In this post I’ll look at how to setup and manage users specifically for the Oracle Machine Learning (OML) tool. This tool is only available on ADWS and is a zeppelin based notebook for analytics, data science and machine learning.

1. Open the service console for ADWS and click on Administration
Administration can be found on the small menu list on the left hand side of the screen.

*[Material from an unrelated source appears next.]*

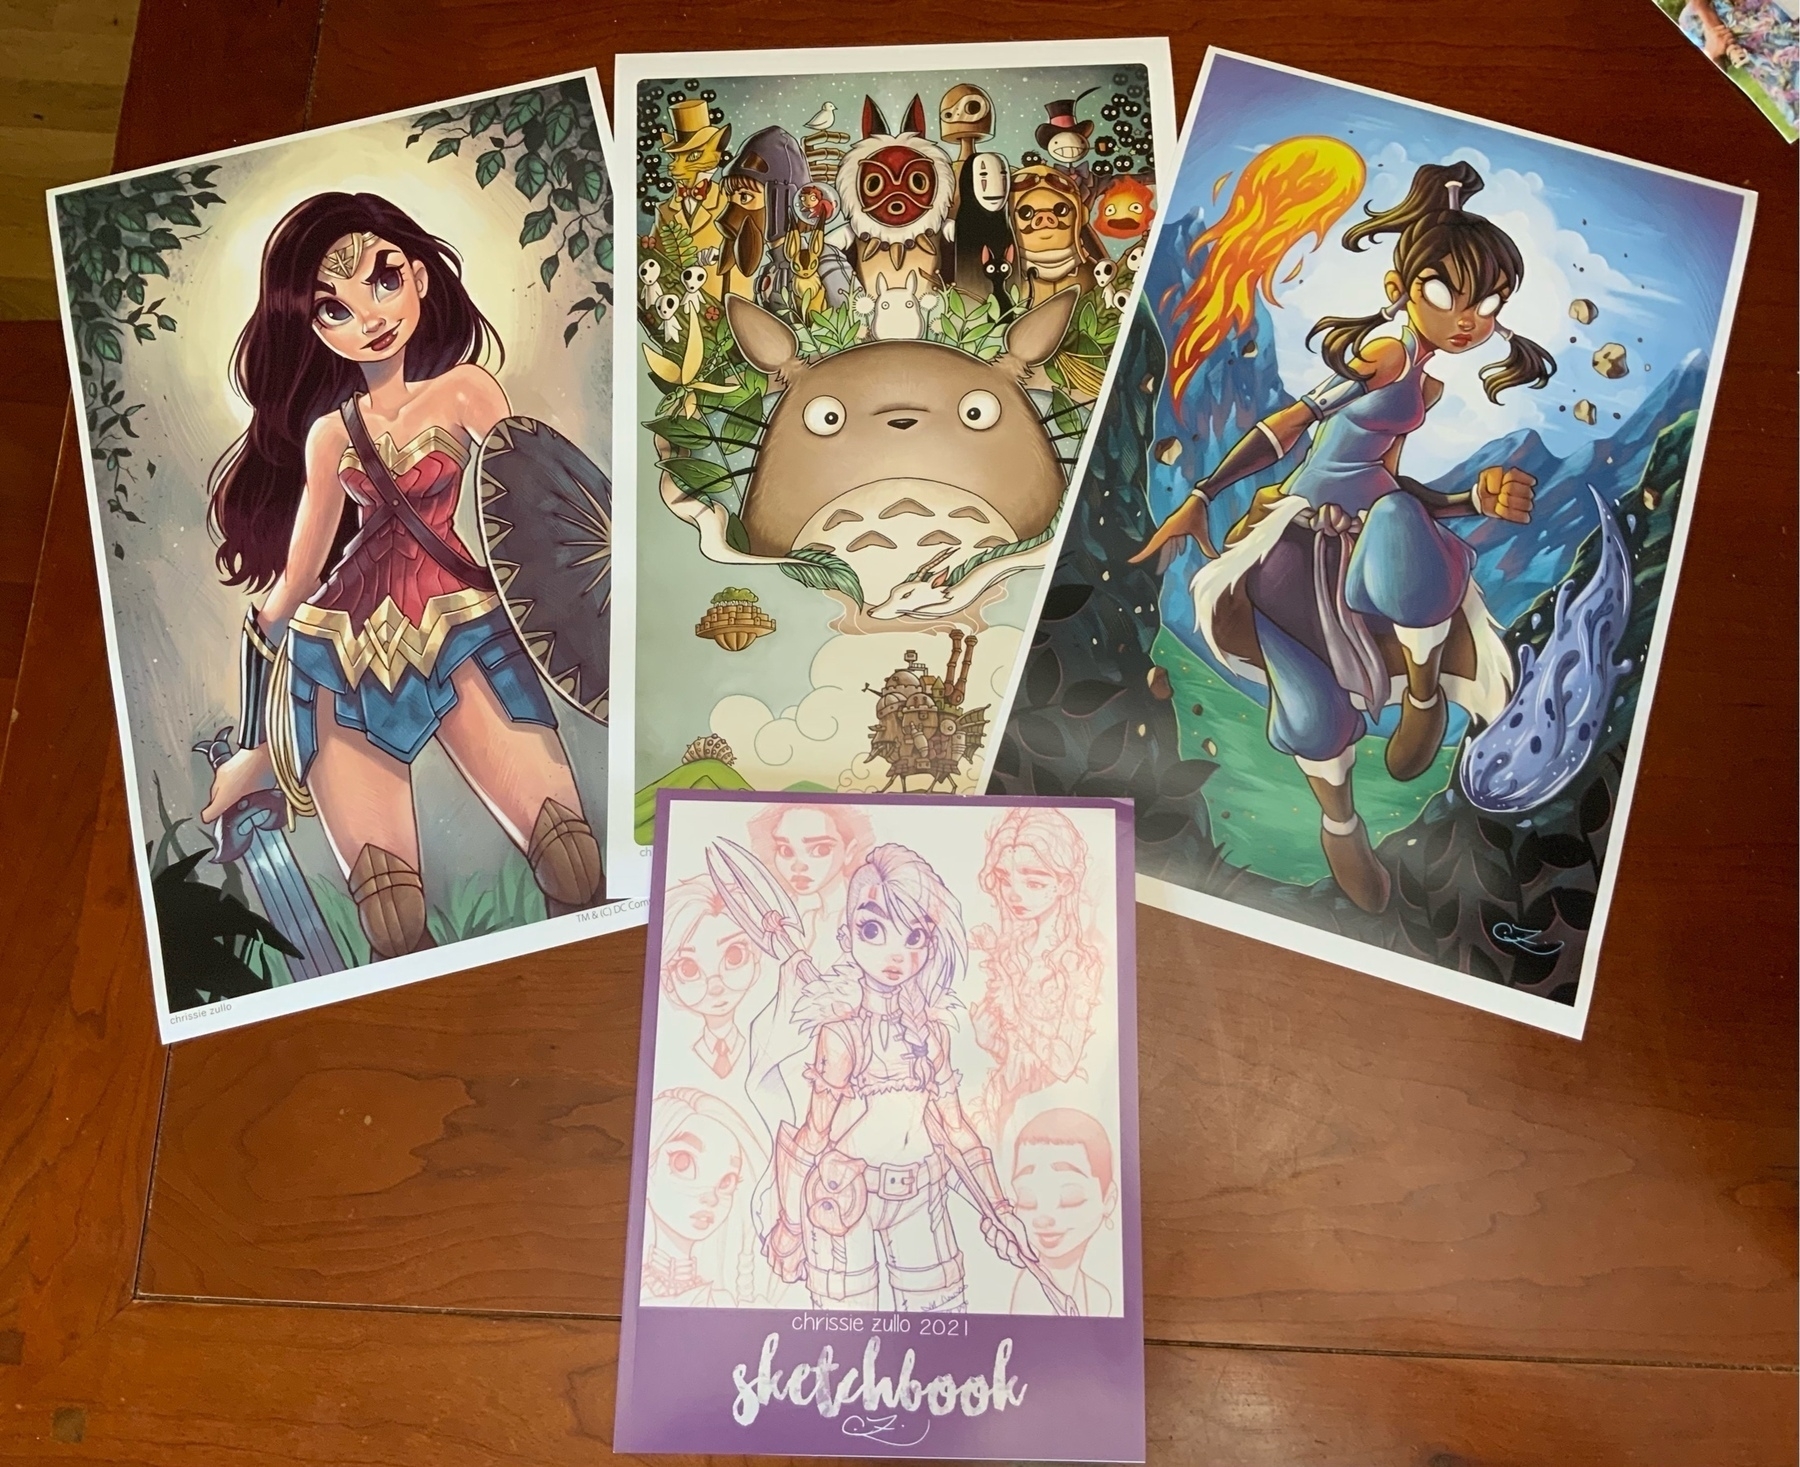 11"x17" prints: Wonder Woman, Tribute to Miyazaki, and Korra, plus 2021 Sketchbook.
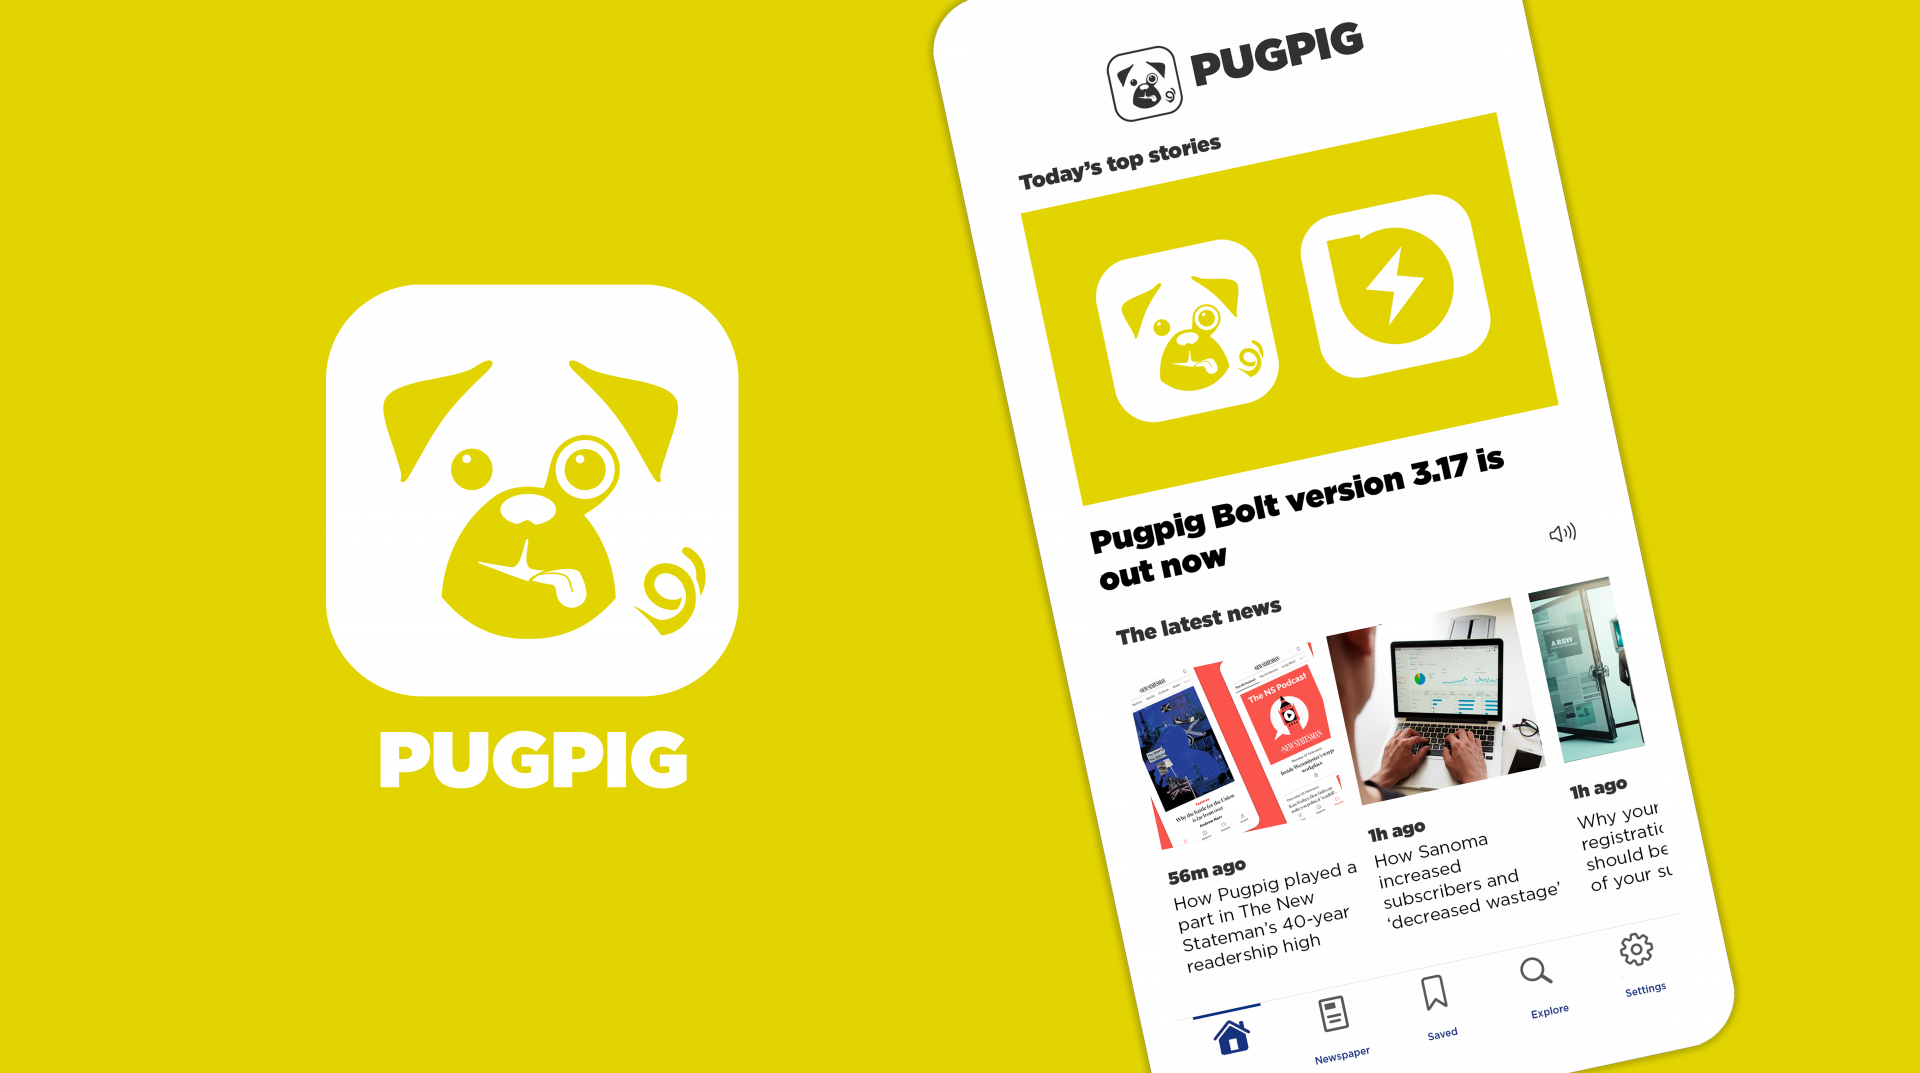 Pugpig 3.17 release

2. Click on Manage Oracle ML Users
As we are only interested in OML and Users for OML, just click on the section titled ‘Oracle ML Users’

3. Sign-in as Admin user
This user was created in my previous blog post. Hopefully you can remember the password.

4. Create a New User
The only user currently enabled for OML is the Admin user.
To create a new OML user click on the Create button


5. Enter OML User details
Enter the details of the OML user. Enter an email address and the person will receive an email with their login details. You have the choice of having a system generated password or uncheck the tick box and add in a password.
Click the Create button.
And hopefully the user will receive the email. The email may take a little bit of time to arrange in the users email box!

6. Log into Oracle Machine Learning

You have 2 options. The first is to follow the link in the email or click on the Home button on the top right hand side of the screen.

You will then be logged into Oracle Machine Learning. Look out for my blog posts on using this product and how to run the demos.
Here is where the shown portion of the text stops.